Stead is so interesting in this novel in her deployment of the female rogue, or pícara, as a modern working girl in the streets of New York (with the intentional inference of prostitution), who uses her marketable assets of good looks, street smarts, and moral and writerly flexibility in order to survive and thrive. The waning Popular Front and early war years in New York (1936–45) were the perfect stage on which to set this story of the indefatigable working girl on the move, with her thwarted racketeer schemes to attract affection, stay ahead of the sexual game, marry advantageously, and keep financially afloat. True to the original picaresque novels from Spain, England, and the United States in the nineteenth century (haven of the picaroon), social, economic, and political upheaval (1937–45) provided the perfect setting for the mobile female trickster and the kind of ethnographic social detail that interested Stead.

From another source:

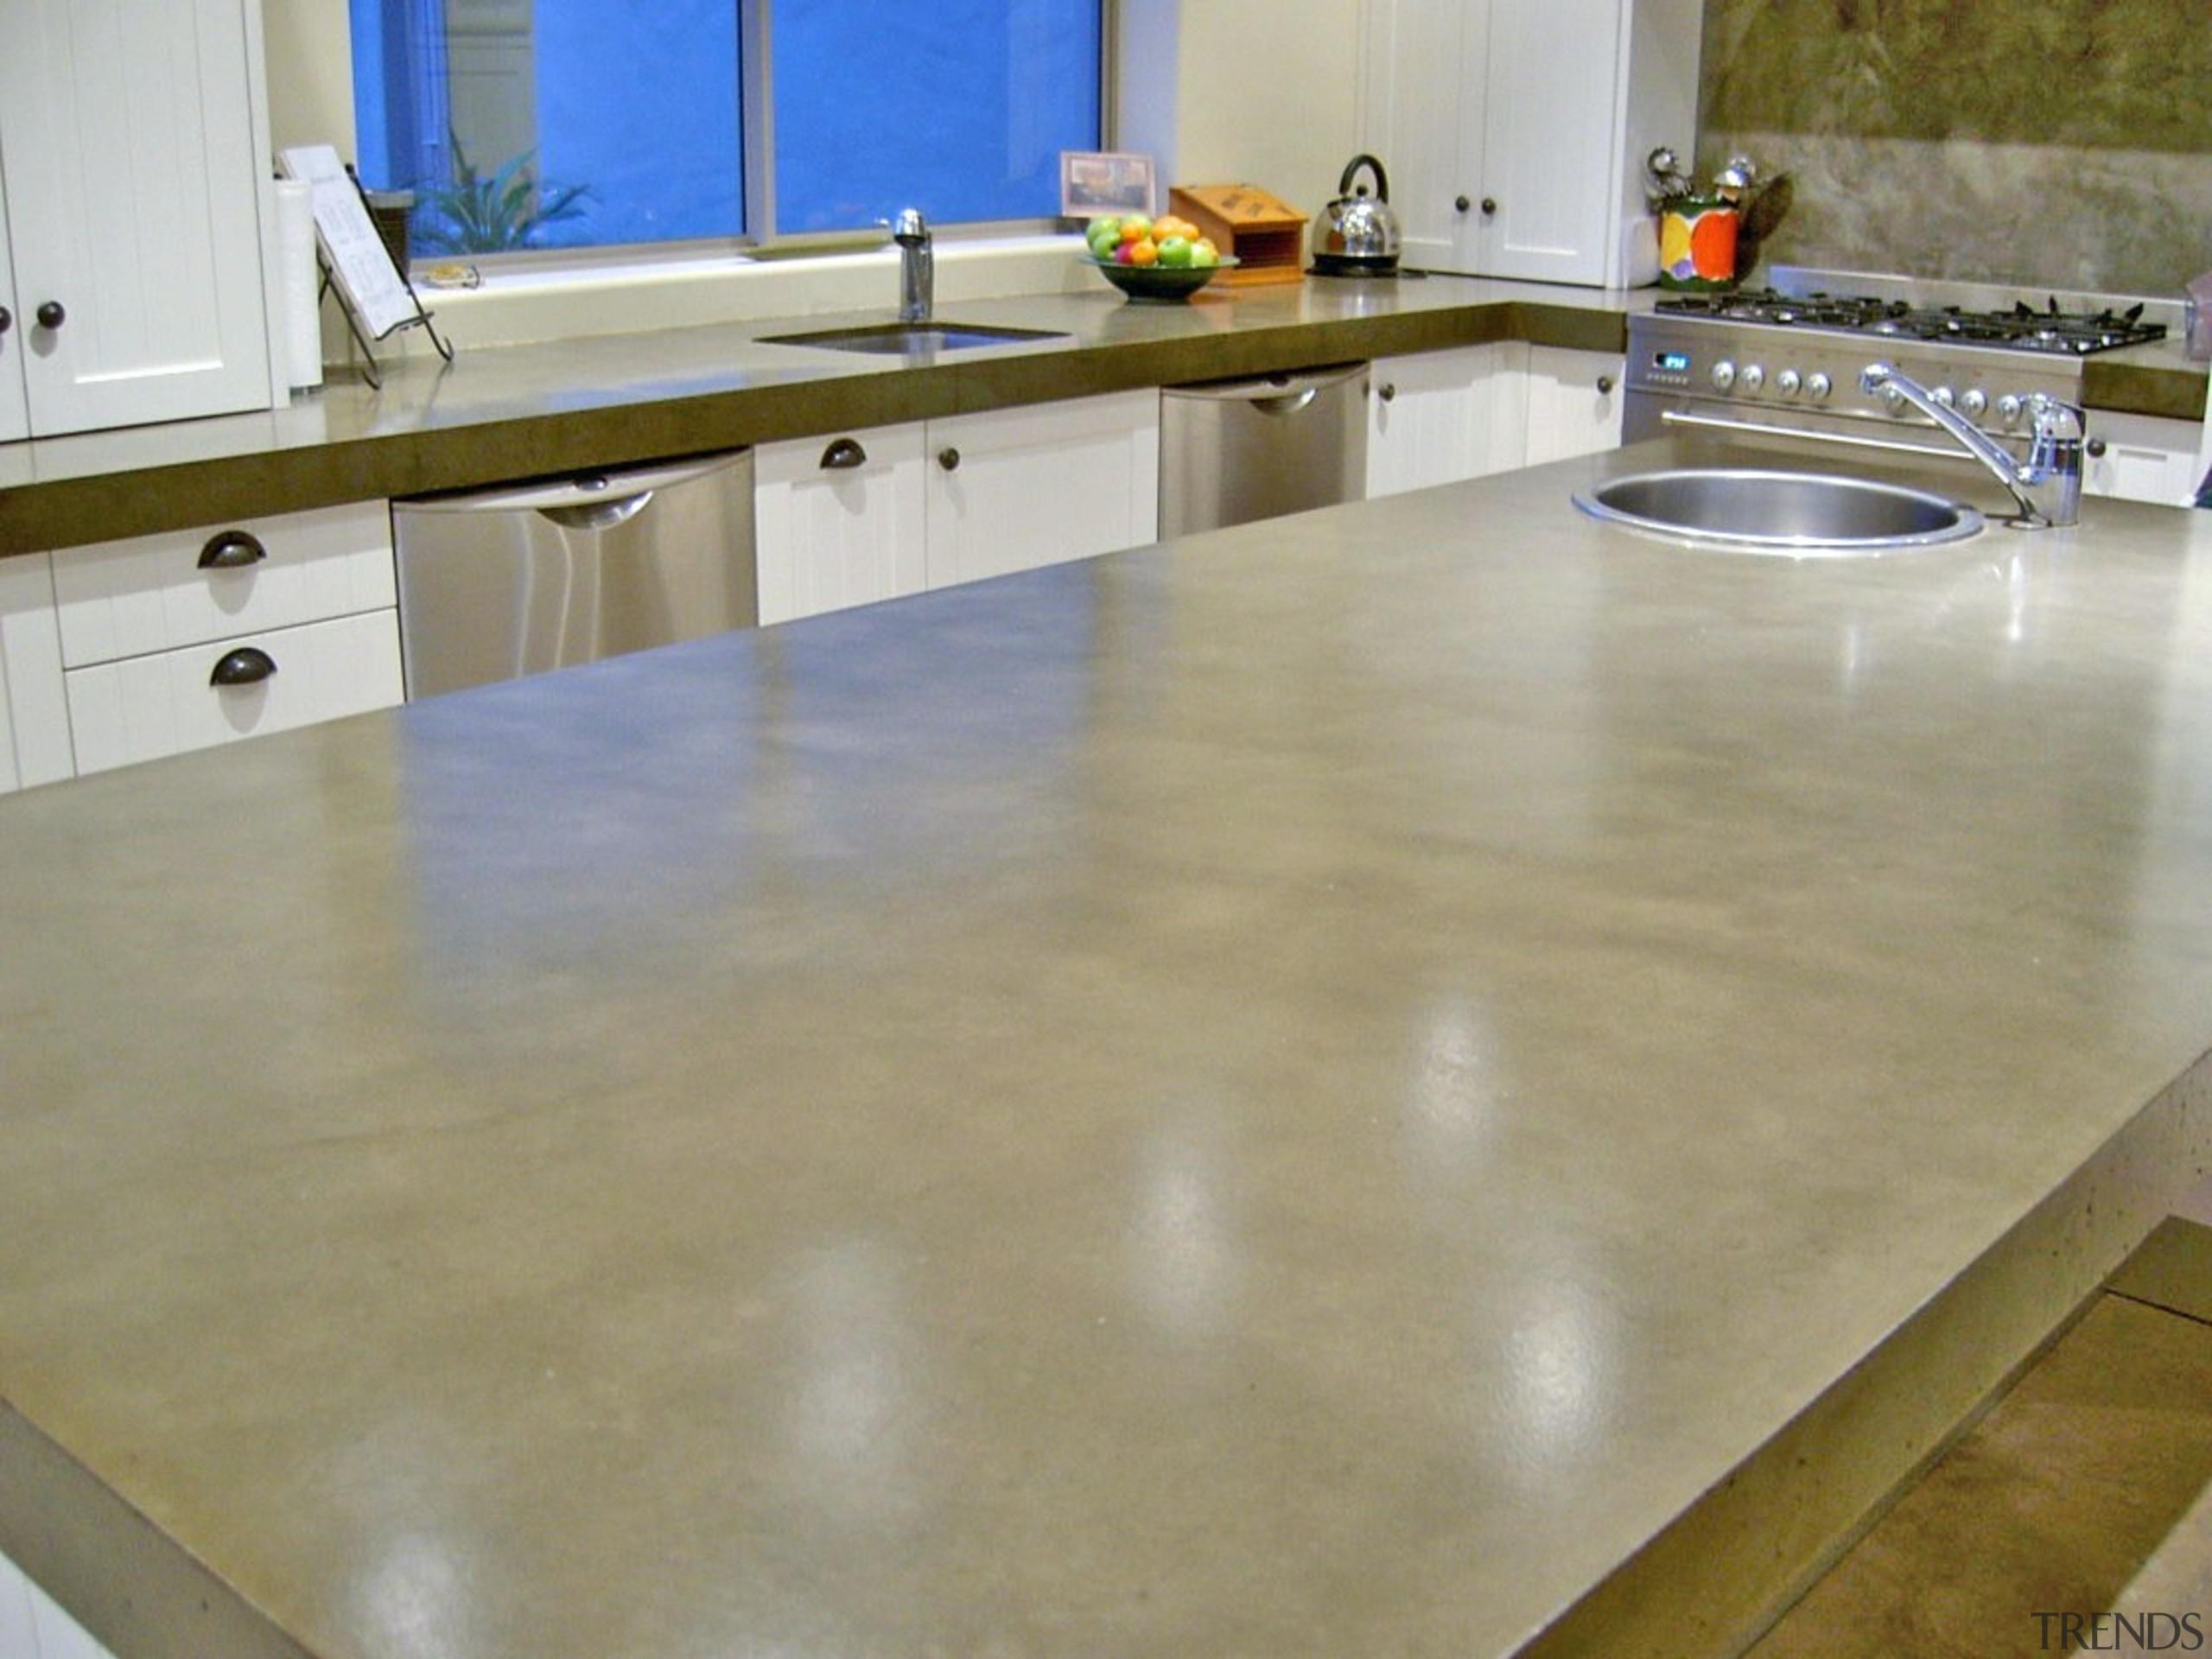 Colourmix 47 - Colourmix_47 - countertop | floor countertop, floor, flooring, hardwood, kitchen, material, orange, brown
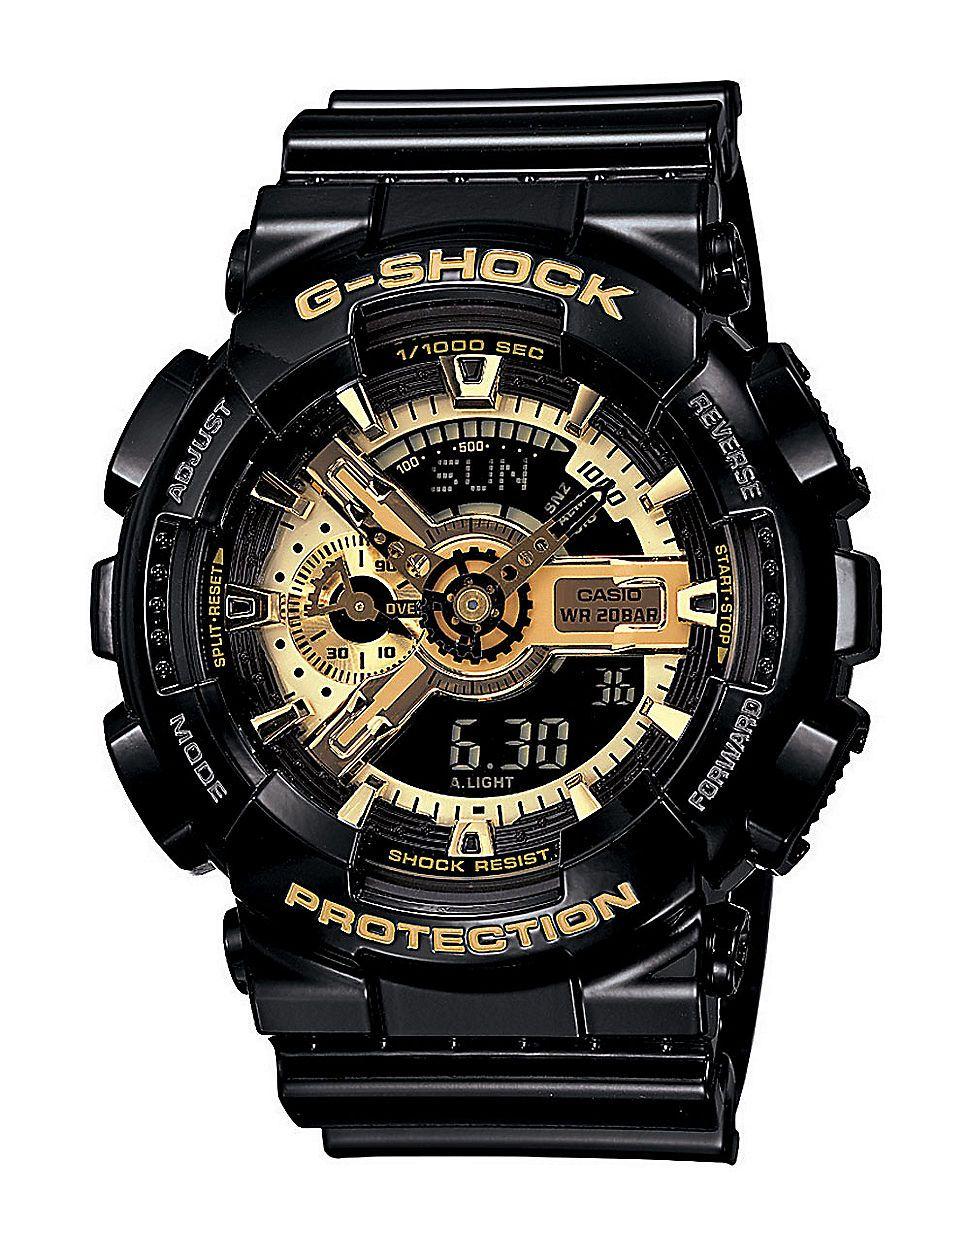 8c5200baa72cc3 Black and gold. Love it. Men's G-Shock Watch | versace, złoto ...

This might not have seemed revolutionary to Stead herself, who was steeped in European literary traditions of the radical left (Rabelais, Cervantes, Stendahl, Balzac, Dickens, Malraux), as well as an abiding fan of Mark Twain, but the female-authored picaresque, like female-authored satire, was, and still is, quite rare. Stead’s attraction to the genre was that it offered a contrast to, and a break from, the more obviously romantic quest narrative, For Love Alone (1944), a narrative form to which she never really returned. It also provided a platform for her main comic and political purpose: to satirise the ineffectual left-wing middle class with which she had socialised in New York since 1935. The way in which this radical set moved through the marriage market and associated libidinal and cash economies was just one indication of its corruption, hypocrisy, and blind American obedience to the structures of capital. It emerges, of course, that Stead was also centrally interested in that bind in which modern women found themselves: between libidinal freedom and a kind of married respectability.
Stead’s novel certainly produces many rambunctiously comic moments, but the work delivers more than the standard comic disapproval of a roguish protagonist. Although planning to embrace the traditionally restrictive spaces of matrimony with a none-too-promising chap at the end of the novel, Letty is still in motion in her tenacious, impudent, and clamorous way; still working for her survival in the urban jungle of New York at the end of the war. Her morally reprehensible behaviour is certainly satirised, but the novel also celebrates Letty’s extraordinary vitality (her ‘bounce’), which stands at the heart of her survival as an outsider – a modern working girl on the make in a man’s world.